Engineers at RMIT have made a groundbreaking advancement in energy storage technology with their latest innovation – a cheap, rechargeable, and recyclable proton flow battery that boasts triple the energy density of previous versions. The significant achievement means that commercially available lithium-ion batteries are now facing tough competition from this newly enhanced proton battery, which offers a specific energy density of 245 Wh/kg, just shy of the current lithium-ion batteries used in Tesla Model 3 battery packs, which deliver approximately 260 Wh/kg.
The key advantage of the proton battery lies in its ability to avoid using lithium altogether, thus mitigating potential issues related to the projected lithium shortage and reducing dependence on China in the battery supply chain. Additionally, this alternative energy storage system addresses various end-of-life concerns associated with conventional batteries.
The proton battery operates differently from traditional hydrogen systems. It works akin to a reversible fuel cell, accepting water during charging and releasing oxygen while splitting positively-charged hydrogen ions. Instead of letting these ions combine into H2 gas and employing energy-intensive processes like compression or super-cooling, the proton battery stores the hydrogen protons directly and immediately. It accomplishes this by utilizing a solid, porous activated carbon electrode soaked in a dilute acid.
In their latest research, the RMIT team focused on improving the oxygen-side reactions of the proton battery. They incorporated several innovative ideas, including vacuum drying of the activated carbon powder before electrode preparation, mild heating of the cell during operation, and using a thinner gas diffusion layer (GDL) fiber sheet on the oxygen side. These enhancements yielded remarkable results, enabling the proton battery to store nearly three times as much energy per weight compared to previous iterations.
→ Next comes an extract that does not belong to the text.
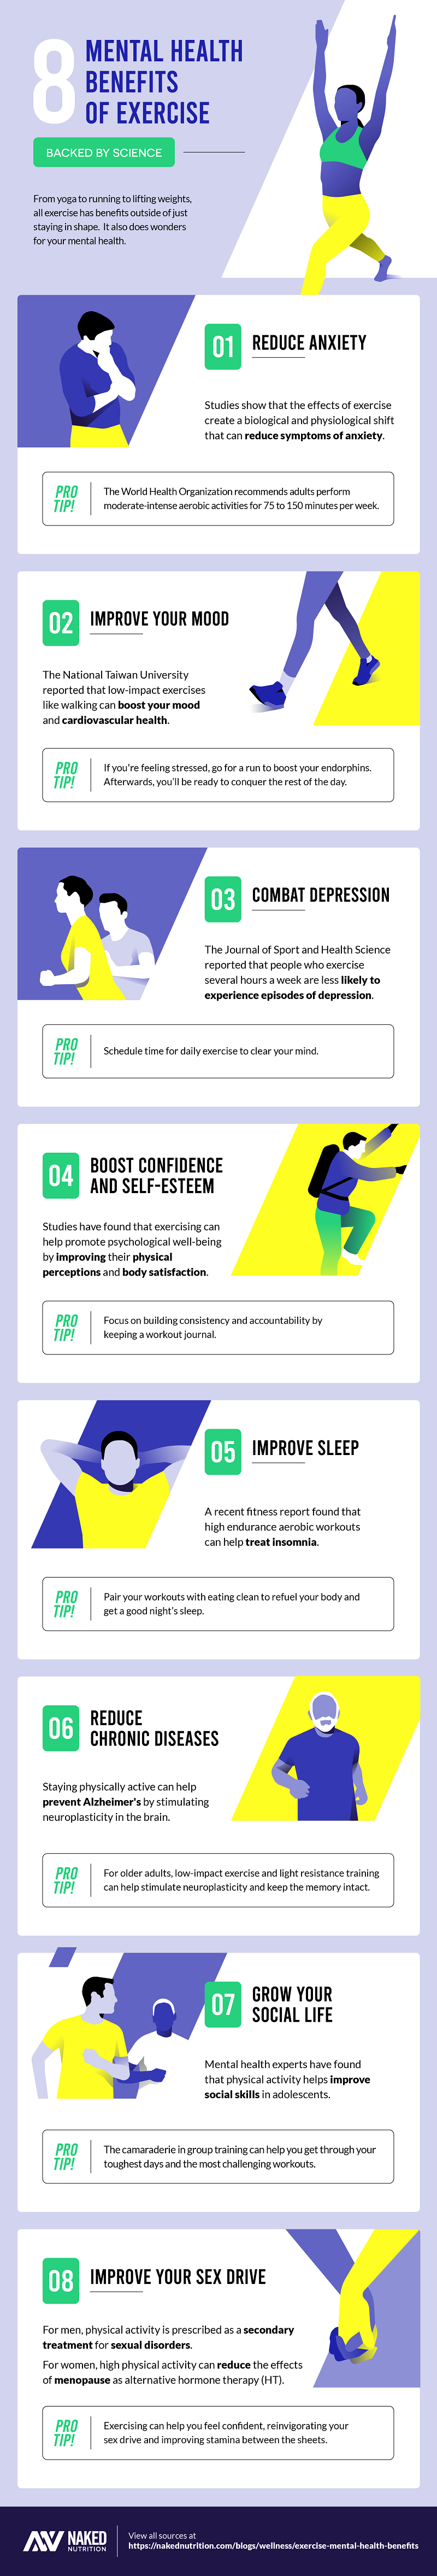 mental health benefits of exercise infographic

With an energy density of 882 joules per gram, equivalent to 245 Wh/kg, the proton battery is now on par with current commercial lithium batteries. When this technology becomes commercially available, it will offer numerous advantages. The proton battery provides a safe and stable means of transporting hydrogen, eliminating the need for high-pressure gas or cryogenic liquids. It is designed for longevity and quick charging, making it a practical solution for various applications.
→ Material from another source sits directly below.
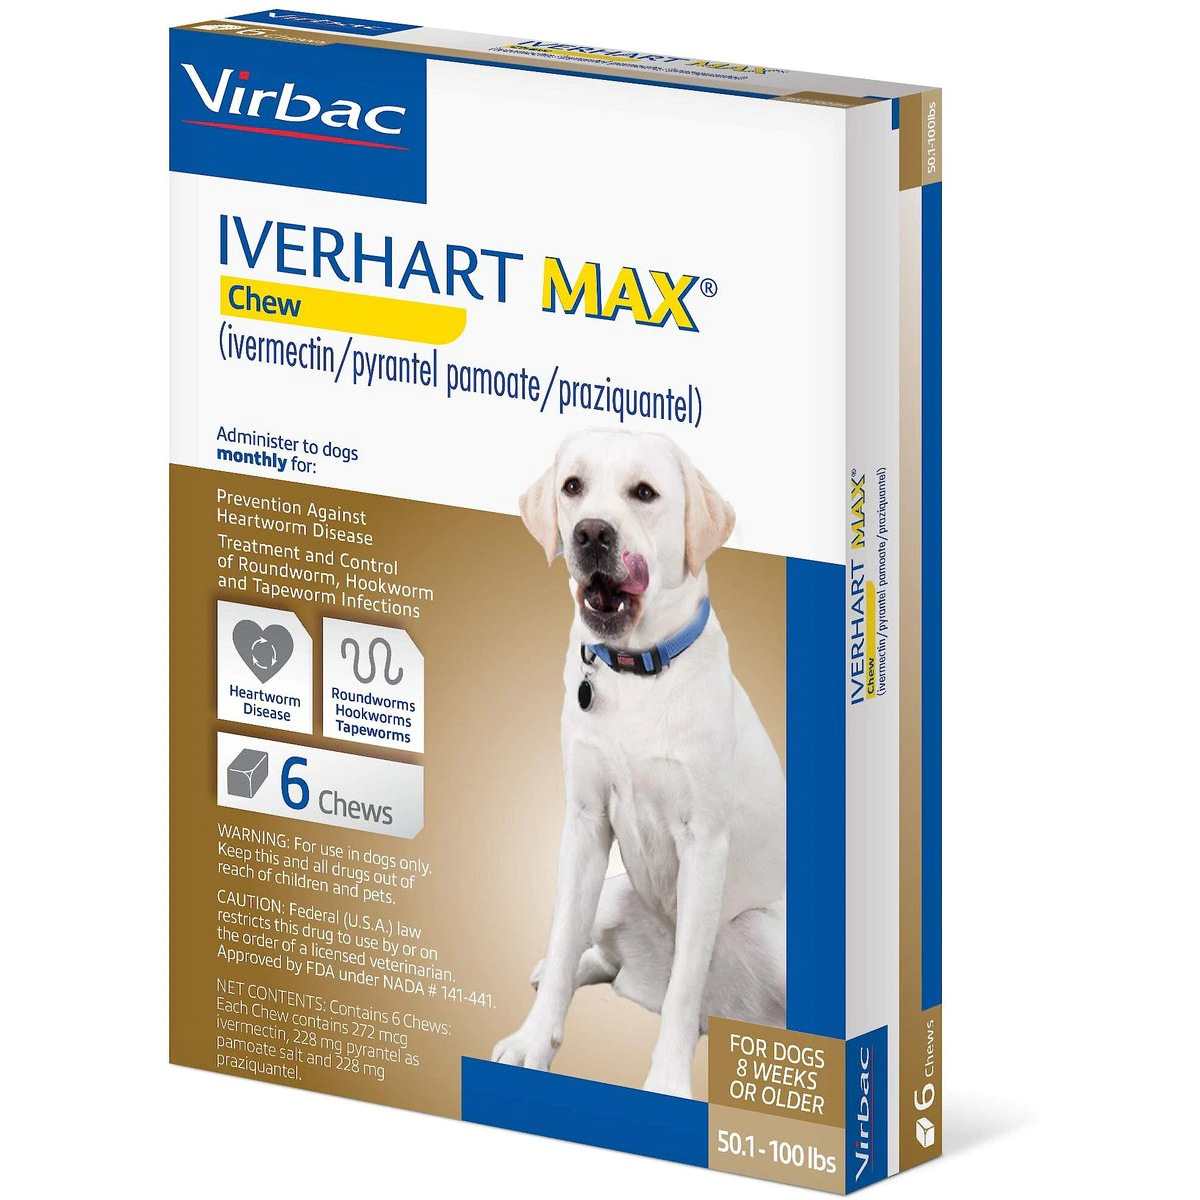 Iverhart Max Chew for Dogs

The proton battery’s price will also be a game-changer because it uses carbon, a plentiful and affordable material, rather than rare and expensive metals like lithium, cobalt, or vanadium. A sustainable approach to energy storage is further ensured by the proton battery’s complete recyclable nature.
Lead researcher and RMIT Professor John Andrews highlighted the potential of this technology, stating that it already exhibits energy-per-unit mass comparable to existing lithium-ion batteries while being safer and more environmentally friendly. Moreover, it boasts energy efficiency similar to lithium-ion batteries, and even more so than conventional hydrogen systems.
While further optimization and system design are underway, the RMIT team is committed to commercializing the proton battery. Collaborating with Eldor Corporation in Melbourne and Italy, they aim to develop a prototype battery capable of meeting the energy storage needs of various domestic and commercial applications. Scaling up the system from watt to kilowatt and ultimately to megawatt capacity is the ultimate goal, promising a cleaner and more efficient future for energy storage and transportation.